NASA & Nuclear Powered Space Rockets

 Nuclear Rockets Are The Fastest Way To Mars

                                                Source: Nuclear Spacecraft Artist Image

                                Source:  USNC-Tech

Nuclear Space Rocket Technology Under Development

By 2035, NASA wants to land astronauts on Mars.  And NASA wants to get the astronauts to the Red Planet as quickly as possible to minimize exposure to space radiation and reduce travel risks.  To achieve that, the space agency wants the Mars mission launched on a nuclear powered space rocket.  It would reduce the travel time to Mars, which is 140 million miles from Earth, to three months instead of nine months on current rocket technology.  The total Mars mission would take less than 2 years instead of more than 3 years.

Nuclear Thermal Propulsion

Seattle-based Ultra Safe Nuclear Technologies (USNC-Tech) is developing a nuclear thermal propulsion (NTP) rocket engine to do the job.  The company says the technology is more powerful and twice as efficient as current chemical rocket engines.  It has the capability to go farther and faster into deep space.  

New Technology

Here's how NTP system works. The system uses a nuclear reactor inside the rocket to generate heat from uranium fuel.

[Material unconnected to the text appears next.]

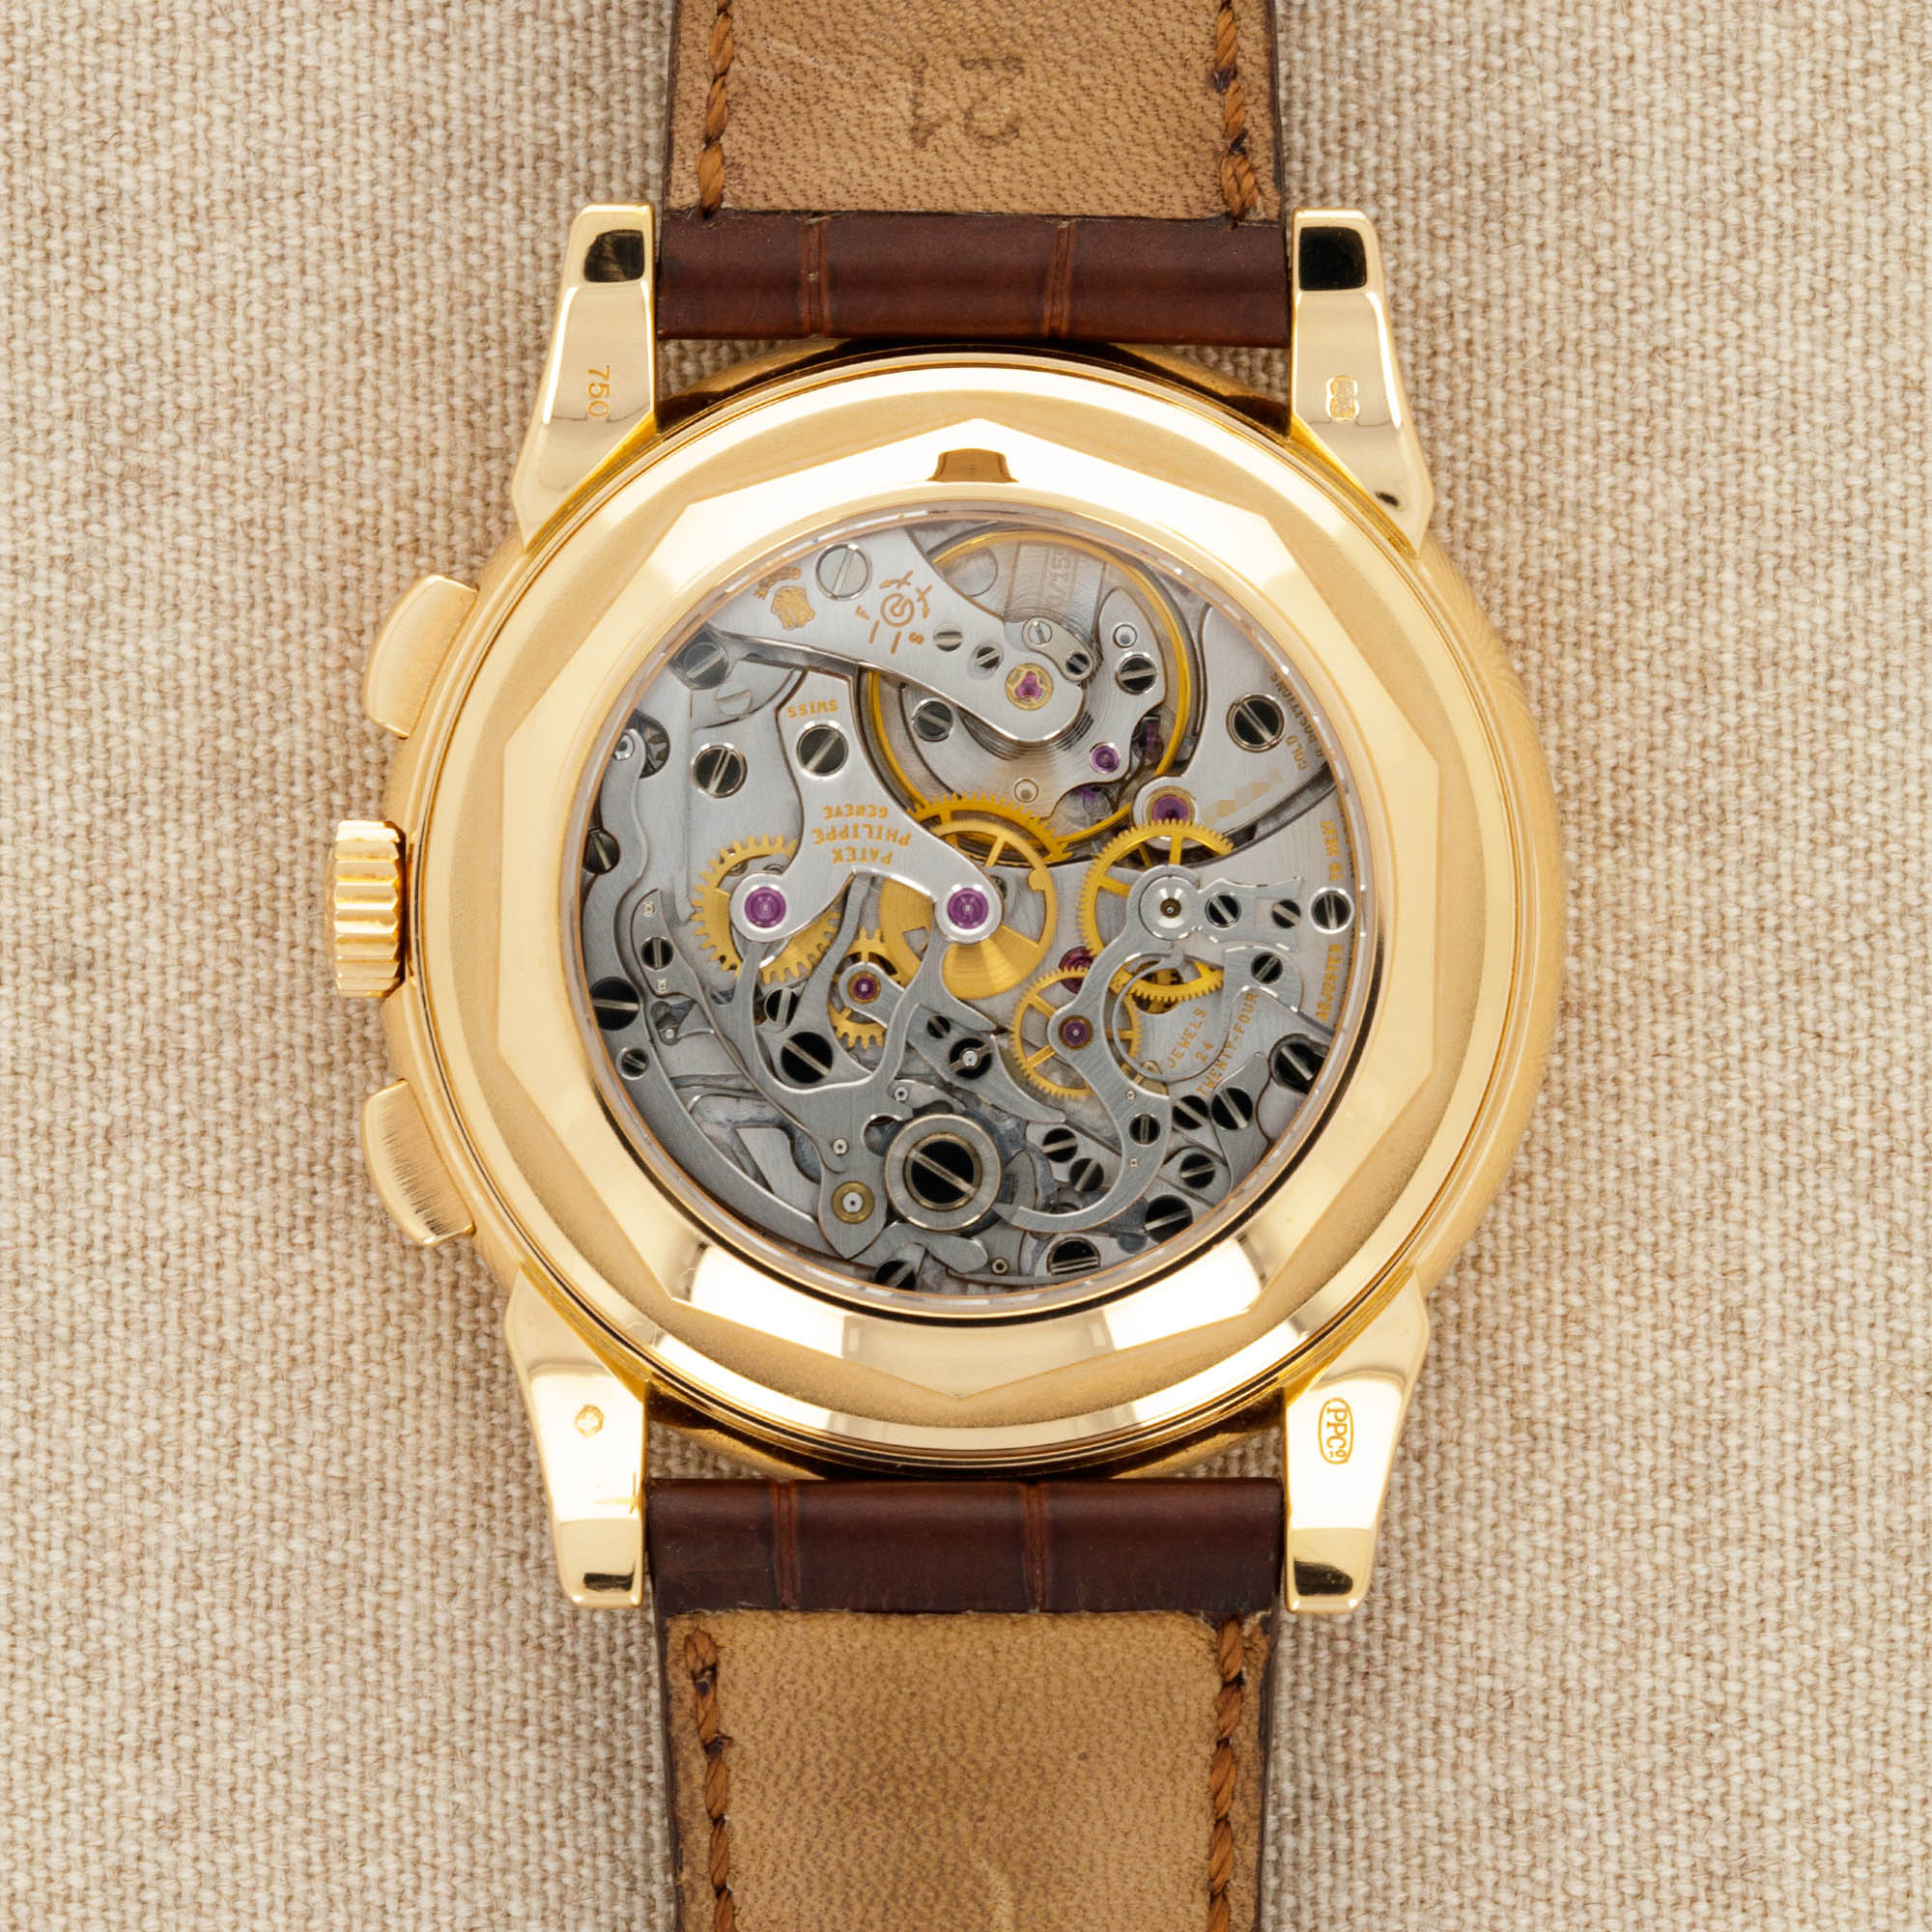 Patek Philippe - Patek Philippe Rose Gold Perpetual Calendar Watch Ref. 5970 - The Keystone Watches

The thermal energy heats a propellant that shoots out of the back of the rocket, generating thrust.  The thrust is twice that of a conventional rocket

Big Question:  Is It Safe?

One big concern is the exposure of the crew to radiation from the nuclear reactor.  USNC-Tech says the rocket design includes "a tremendously good radiation shield".  Also the uranium fuel that the company has developed provides a barrier for the astronauts.  It contains silicon carbide which is used in tank armor.  The company says it forms a gas tight barrier shielding the astronauts from radiation.

Next Steps

This new nuclear space rocket is under consideration by NASA.  No one has ever flown a nuclear thermal propulsion rocket yet.  Next steps would be further development and then eventual testing.